Data segment:

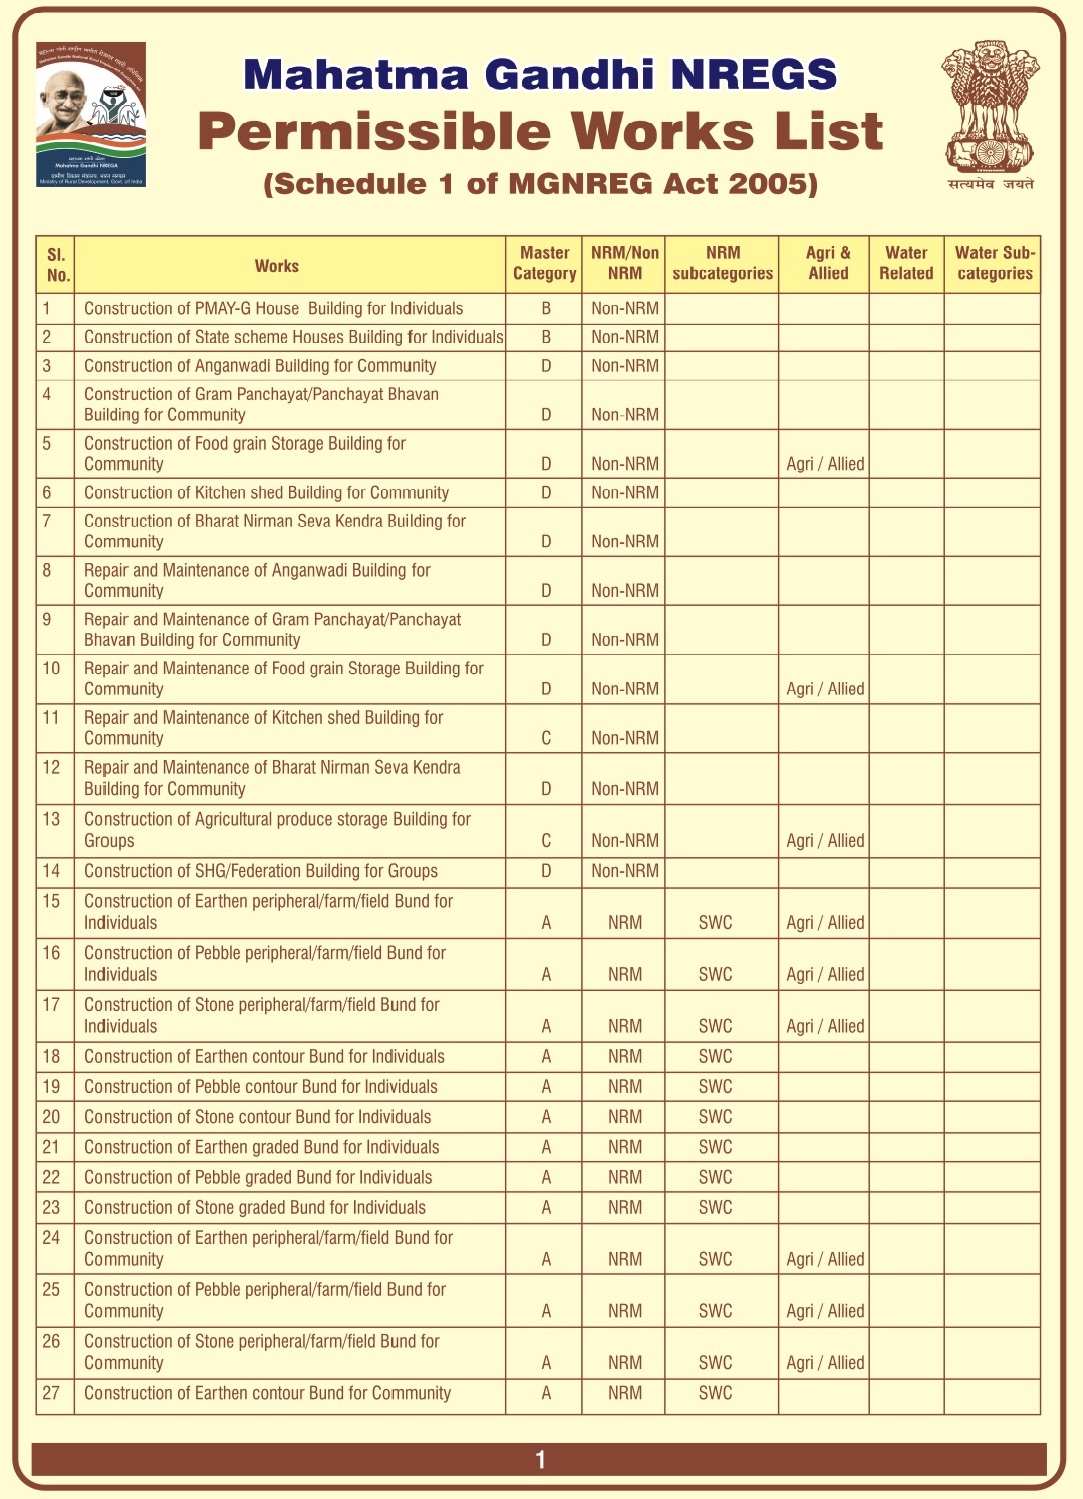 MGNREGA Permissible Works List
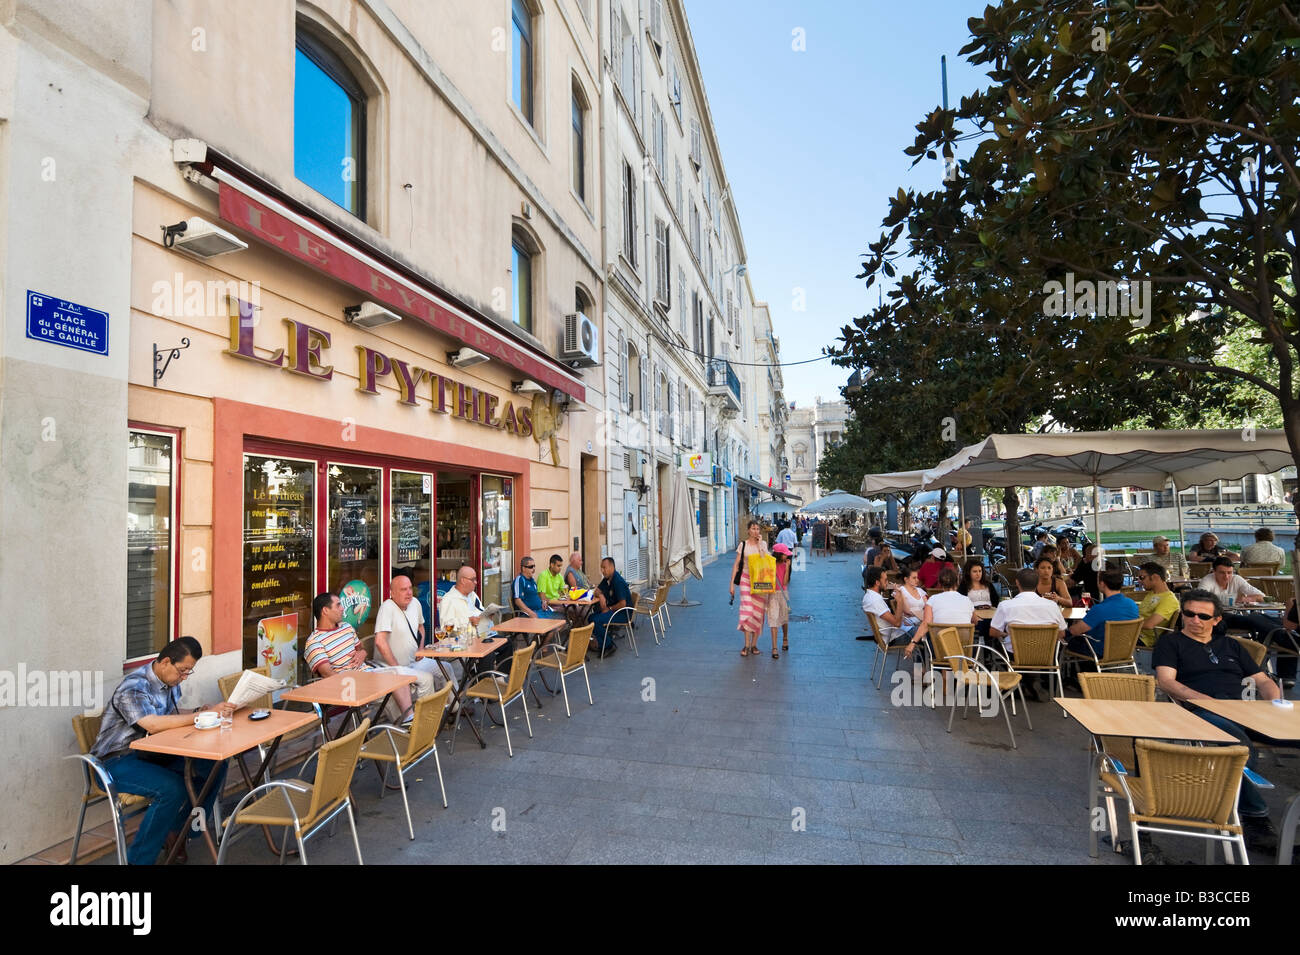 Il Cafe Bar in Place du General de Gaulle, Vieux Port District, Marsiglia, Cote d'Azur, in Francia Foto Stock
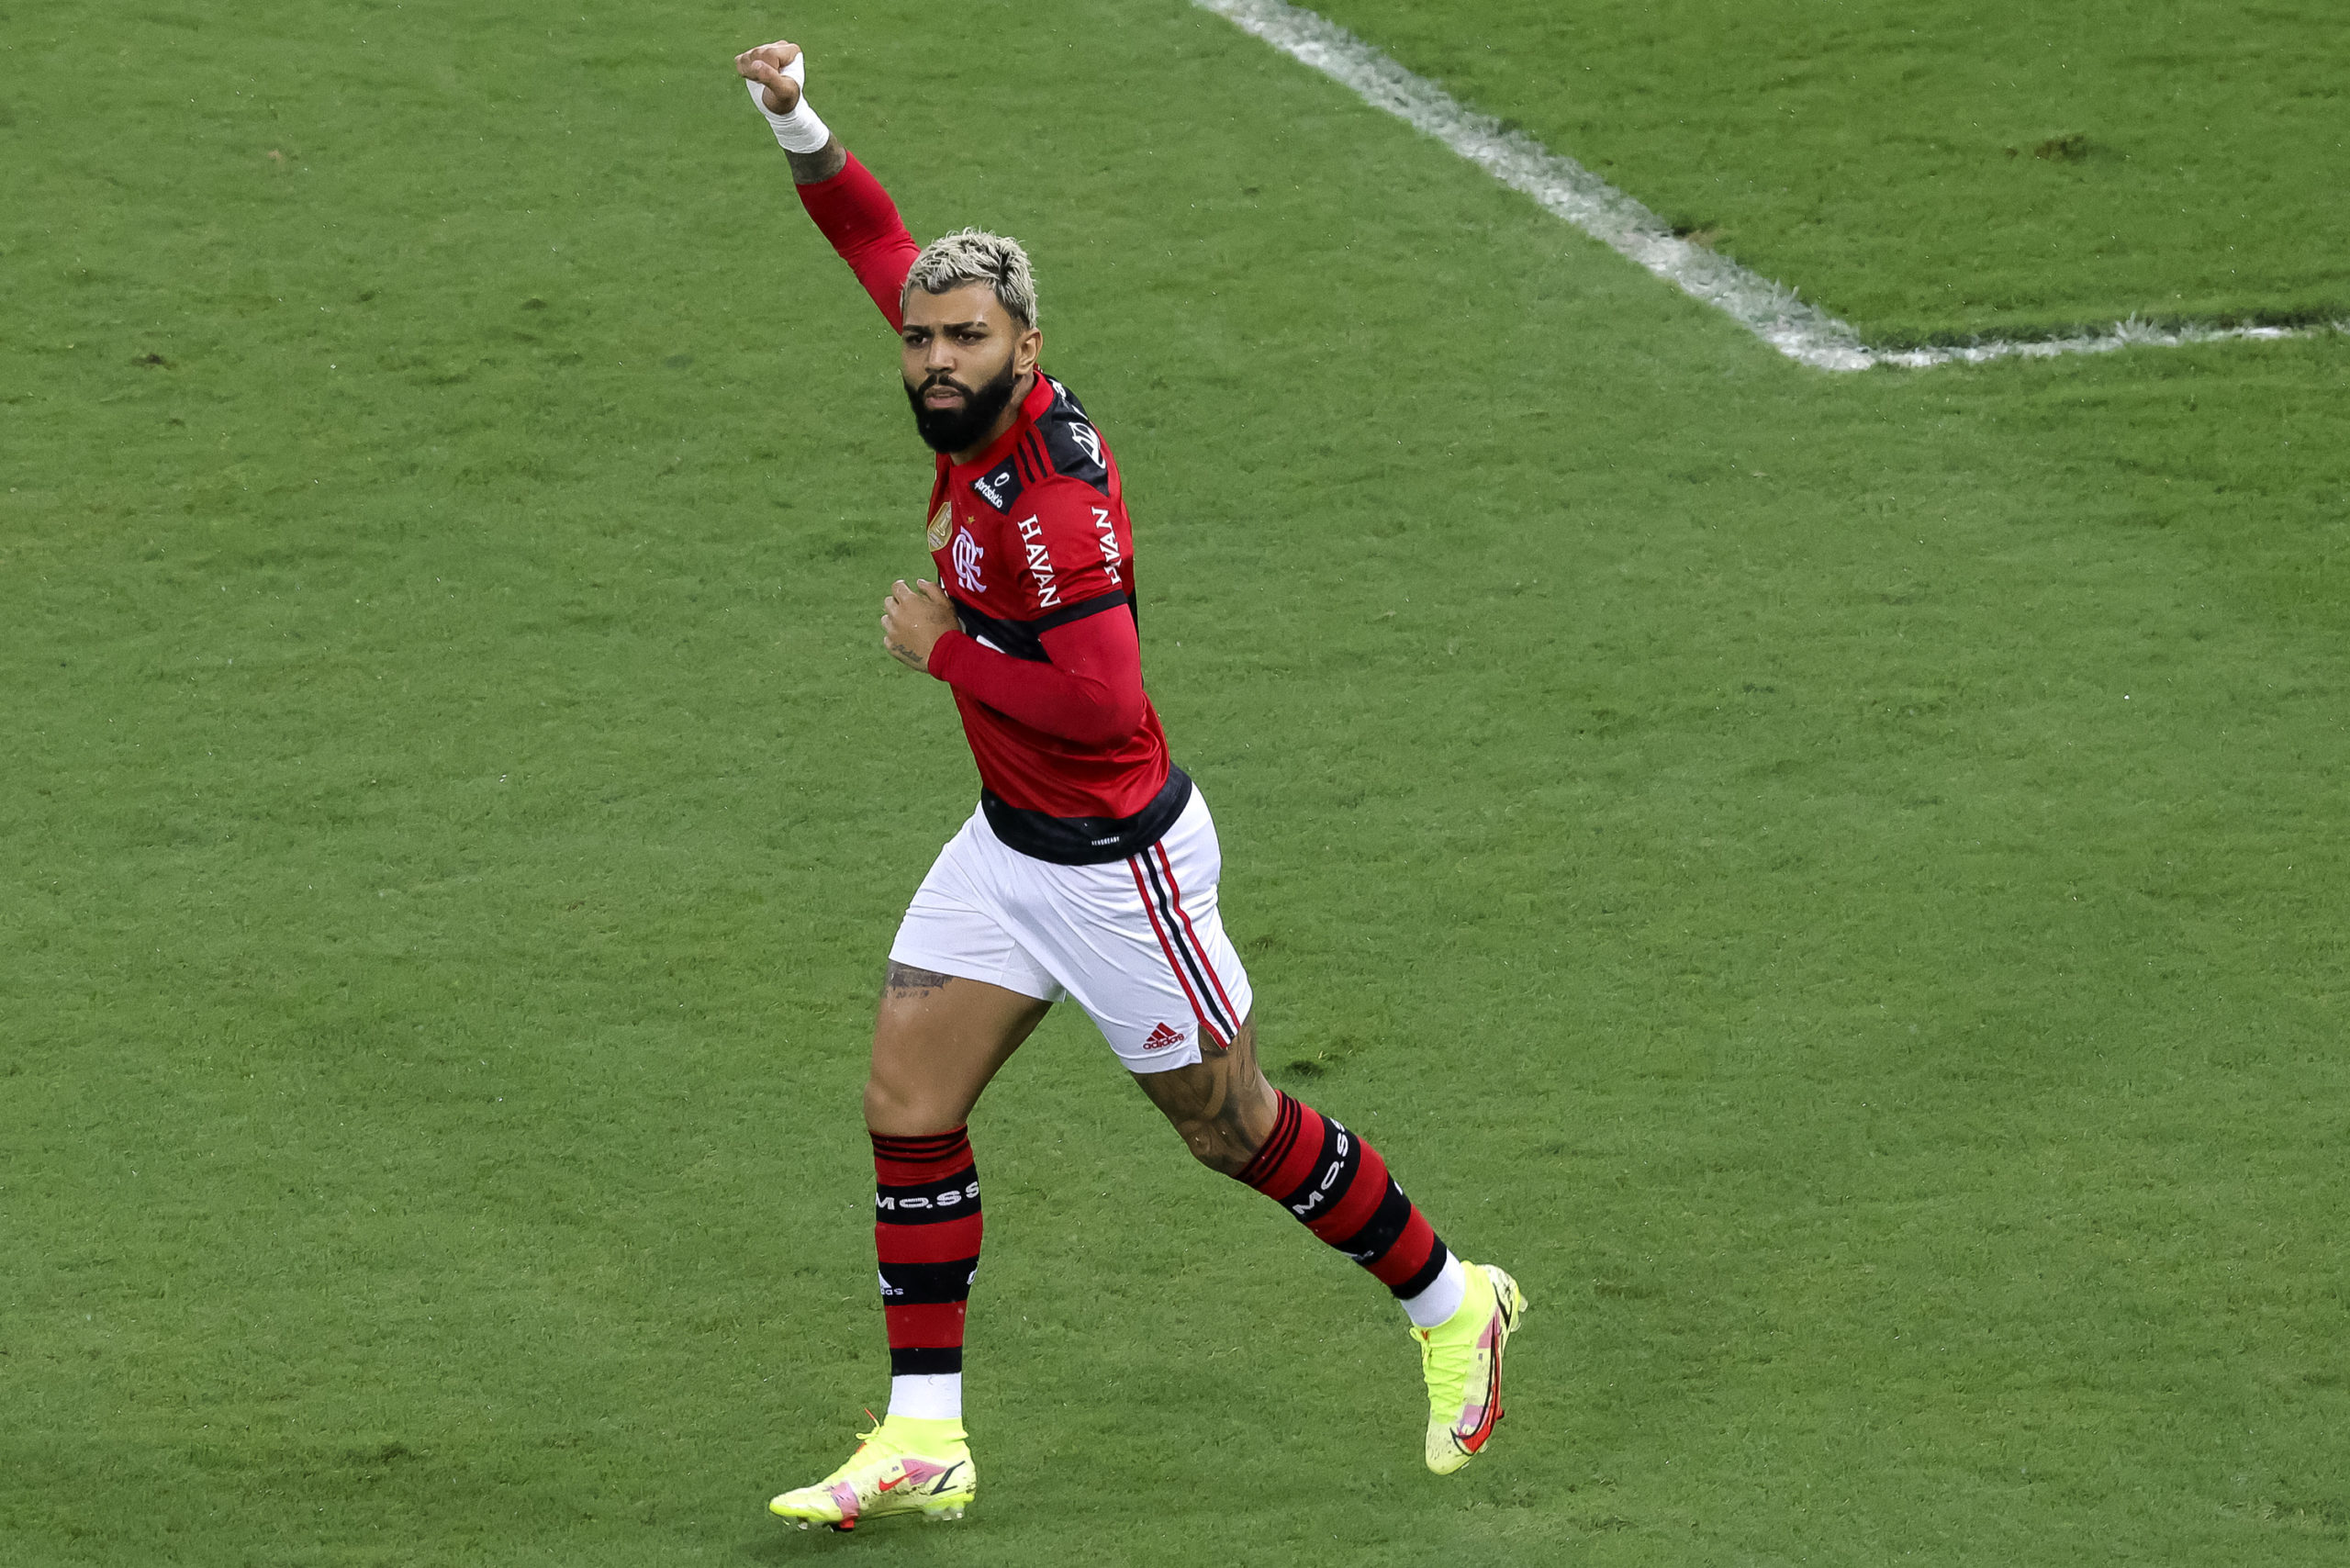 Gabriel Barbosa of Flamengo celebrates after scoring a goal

Problem requirements:
Nothing but the pictures should be left out when the listing is repeated exactly.

Answer for the task:
 MGNREGA Permissible Works List
 Il Cafe Bar in Place du General de Gaulle, Vieux Port District, Marsiglia, Cote d'Azur, in Francia Foto Stock
 Gabriel Barbosa of Flamengo celebrates after scoring a goal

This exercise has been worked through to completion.